İmparatorluğu sergilemek: ondokuzuncu yüzyıl uluslararası sergilerinde Osmanli İmparatorluğu’nun temsili.


Tezin Türü: Yüksek Lisans

Tezin Yürütüldüğü Kurum: Orta Doğu Teknik Üniversitesi, Türkiye

Tezin Onay Tarihi: 2014

Tezin Dili: İngilizce

Öğrenci: Ece Özçeri

Danışman: SELÇUK DURSUN

Özet:

The aim of this thesis is to examine the participation of the Ottoman Empire to international exhibitions in the nineteenth century. The international exhibitions were the outcomes of the radical changes in economic, social and political structure brought out by the revolutions of the eighteenth century. Although, exhibitions are generally evaluated as commercial centers, they were, at the same time, spheres in which the nineteenth century states’ entire power relations were displayed.

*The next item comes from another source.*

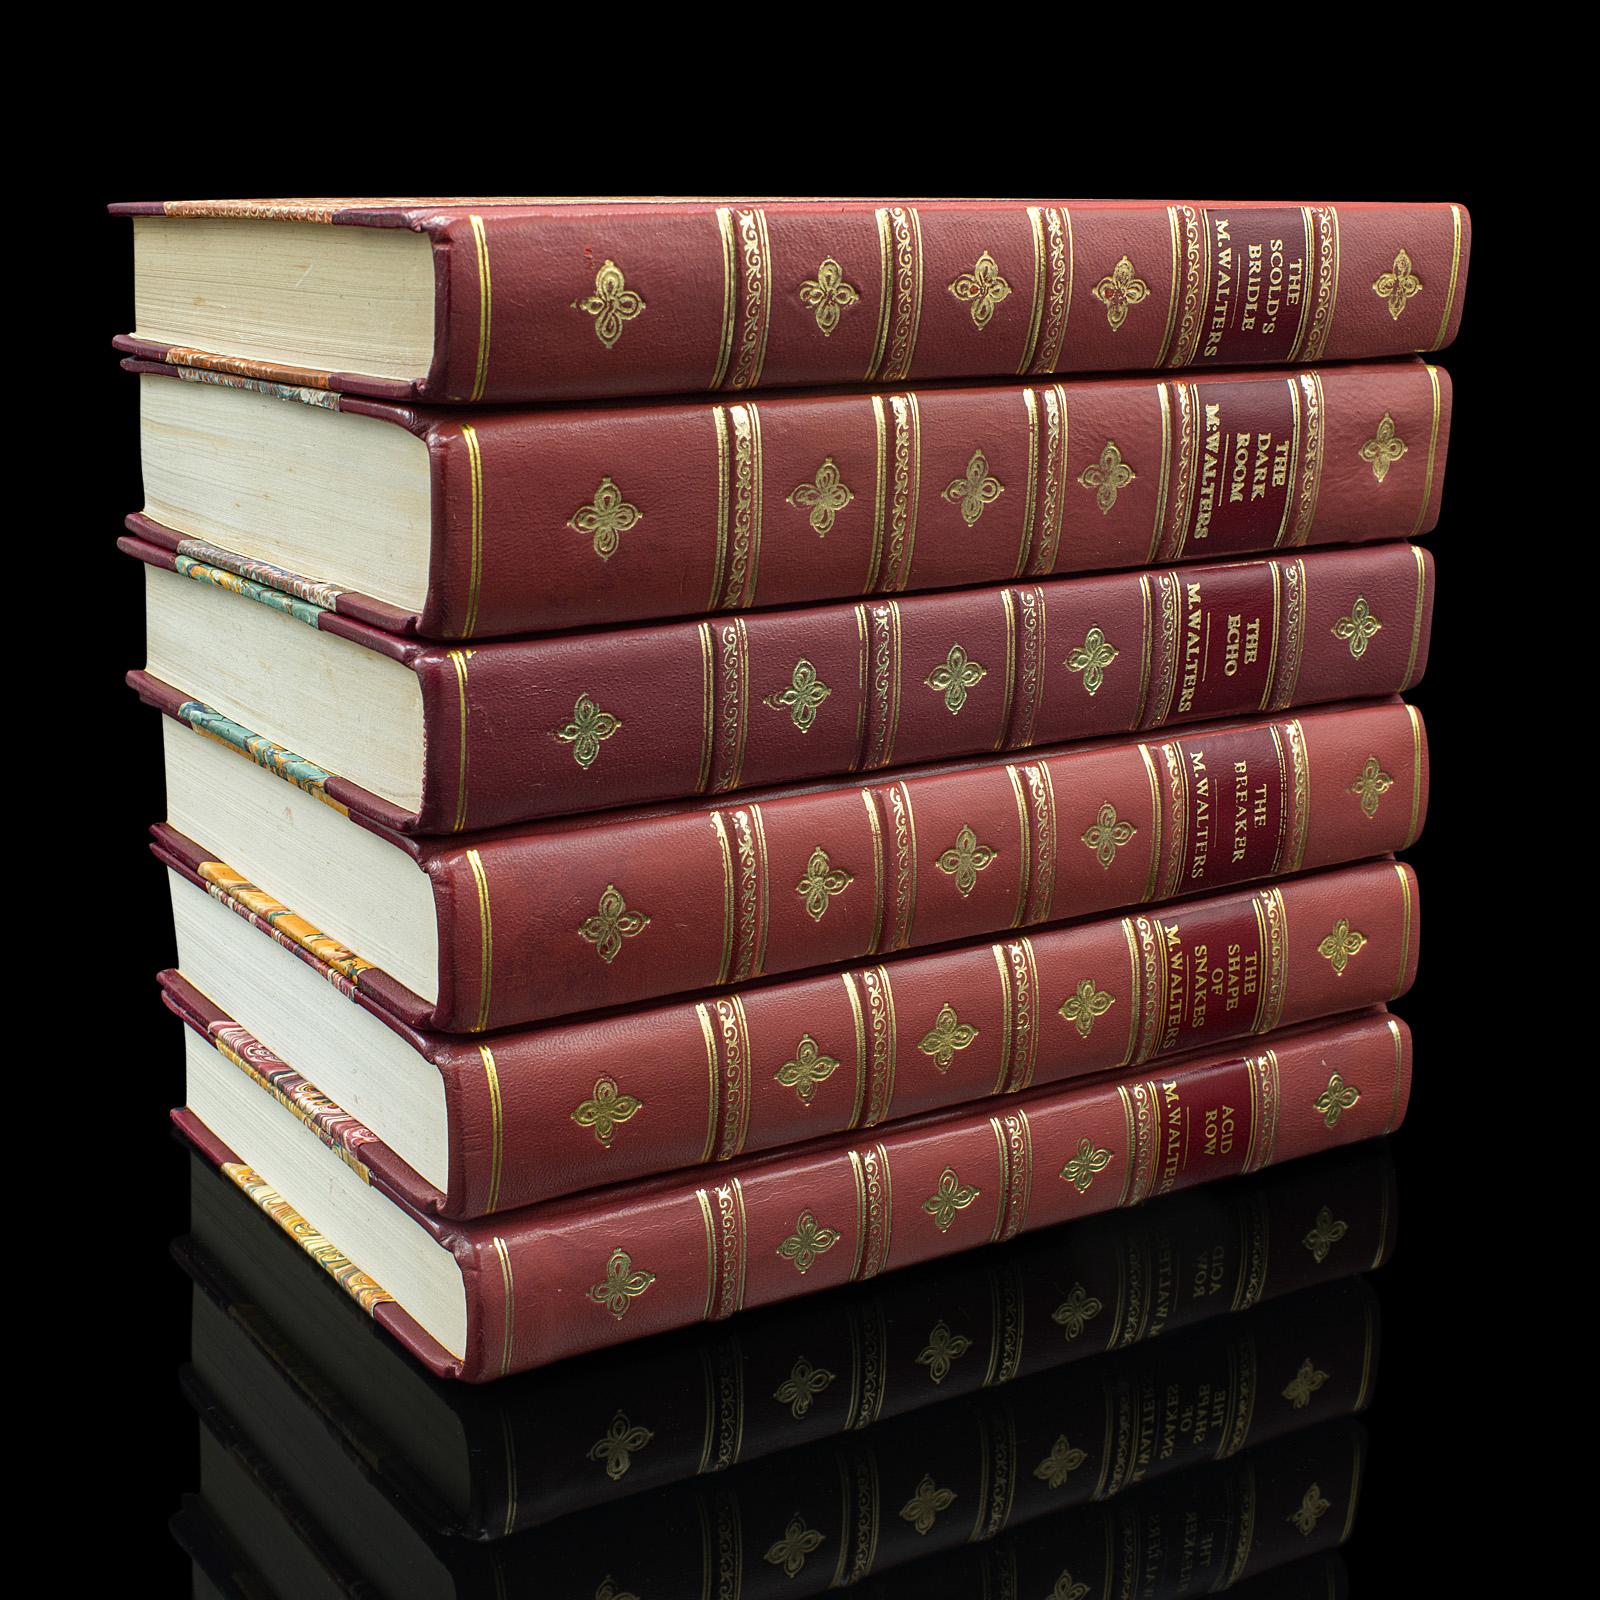 This is a set of 6 First Edition novels by Minette Walters. An English language, author signed hard-bound collection of crime writing, dating to the turn of the 21st century.

An award-winning author, Minette Walters (September 1949) has written

In the international exhibitions, the world of the nineteenth century was divided into two parts. According to this two-parted world, it is considered that the concepts like technology, science and industry belong to the West; on the other hand, the East was associated with backwardness, superstition and manufacture. In the exhibitions, the Eastern participants answered the West’s sense of wonder about the East and they were involved in the amusement part of the exhibitions. In this study, I examine the motives of the Ottoman Empire, which cannot be classified under these binary categories, in participating the international exhibitions. In this regard, I focused mainly on the transformation of the exhibitions towards the platforms, where the states displayed their cultural identities with the impact of the peace period, the material progress and colonialism, all of which surpassed their initial commercial agenda. The aim of the Ottoman Empire to participate in the exhibitions was emphasized as an attempt to display an accurate Ottoman representation in the international public by benefiting from the transformation of the v exhibitions. I argue that the Ottoman mind realized that the international exhibitions were not only commercial centers but also arenas for self representation.